Il fatto:  http://www.ilmessaggero.it/primopiano/scuola_e_universita/lettera_professori_giovani_scrivere-2238656.html

° ° °

600 docenti italiani (professori universitari dunque) hanno fatto un appello allo Stato chiedendo di salvare la lingua italiana. Perché “salvare” ? Perché si sono accorti, finalmente, che è urgente porre nuovamente al centro della didattica le competenze linguistiche di base: l’italiano; perché pochissimi ragazzi, anche se frequentano l’Università, sanno scrivere o parlare correttamente l’italiano. Ci sono grosse carenze nella loro conoscenza della sintassi e della grammatica, e il loro bagaglio lessicale è assai ridotto.


Ogni idioma ha la sua storia; mi soffermerò su quello italiano, perché è la mia lingua, perché proprio in questi giorni se ne parla (vedi il fatto) e, finalmente, si è capito che la lingua italiana è stata per troppo tempo trascurata, anche da coloro che sono preposti all’insegnamento e alla trasmissione delle conoscenze.

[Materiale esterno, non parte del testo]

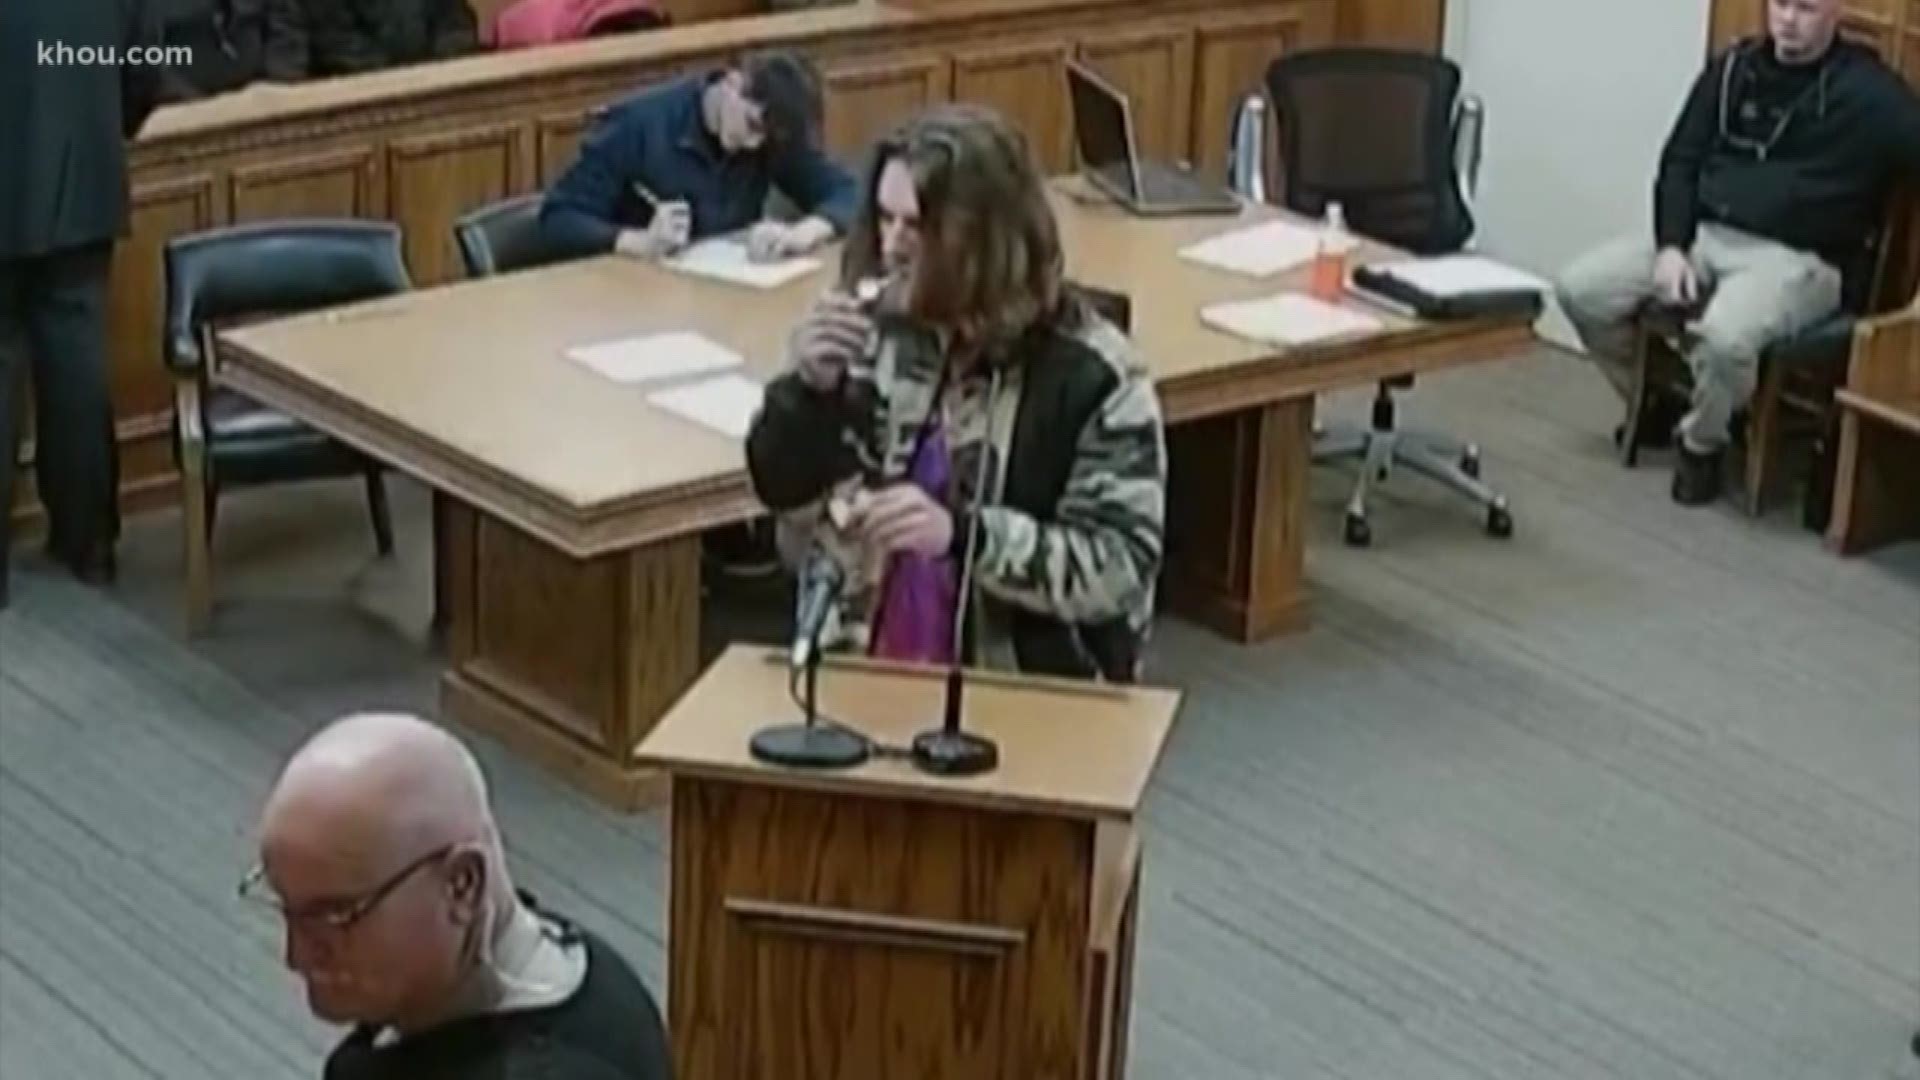 A man lit up a marijuana joint while in court. The man, Spencer Alan Boston, was facing a marijuana possession charge. "One of the craziest things I've seen."

Giusto è stato dunque fare l’appello al Presidente del Consiglio, al ministro dell’Istruzione e al Parlamento. La lettera, partita da un gruppo di docenti di Firenze, è stata inviata anche a tutti i docenti di tutta Italia ed ha ottenuto moltissime adesioni, con le firme di esperti, Accademici della Crusca, linguisti, pedagogisti, storici, filosofi, scrittori, matematici, sociologi, storici dell’arte, costituzionalisti, neuropsichiatri infantili ed economisti.

…e un pezzetto di storia:

E’ inevitabile tornare a parlare di Dante Alighieri, pure lui di Firenze, considerato da tutti ‘il padre della lingua italiana’, la cosiddetta ‘lingua volgare’ cioè del popolo (da vulgus, “popolo”). Dovete sapere che nel 1308 egli si era molto impegnato sul piano linguistico, componendo un trattato in latino sulla lingua e lo stile:  il “De vulgari eloquentia“, nel quale passa in revisione i differenti dialetti della lingua italiana, alla ricerca di una ‘lingua perfetta’.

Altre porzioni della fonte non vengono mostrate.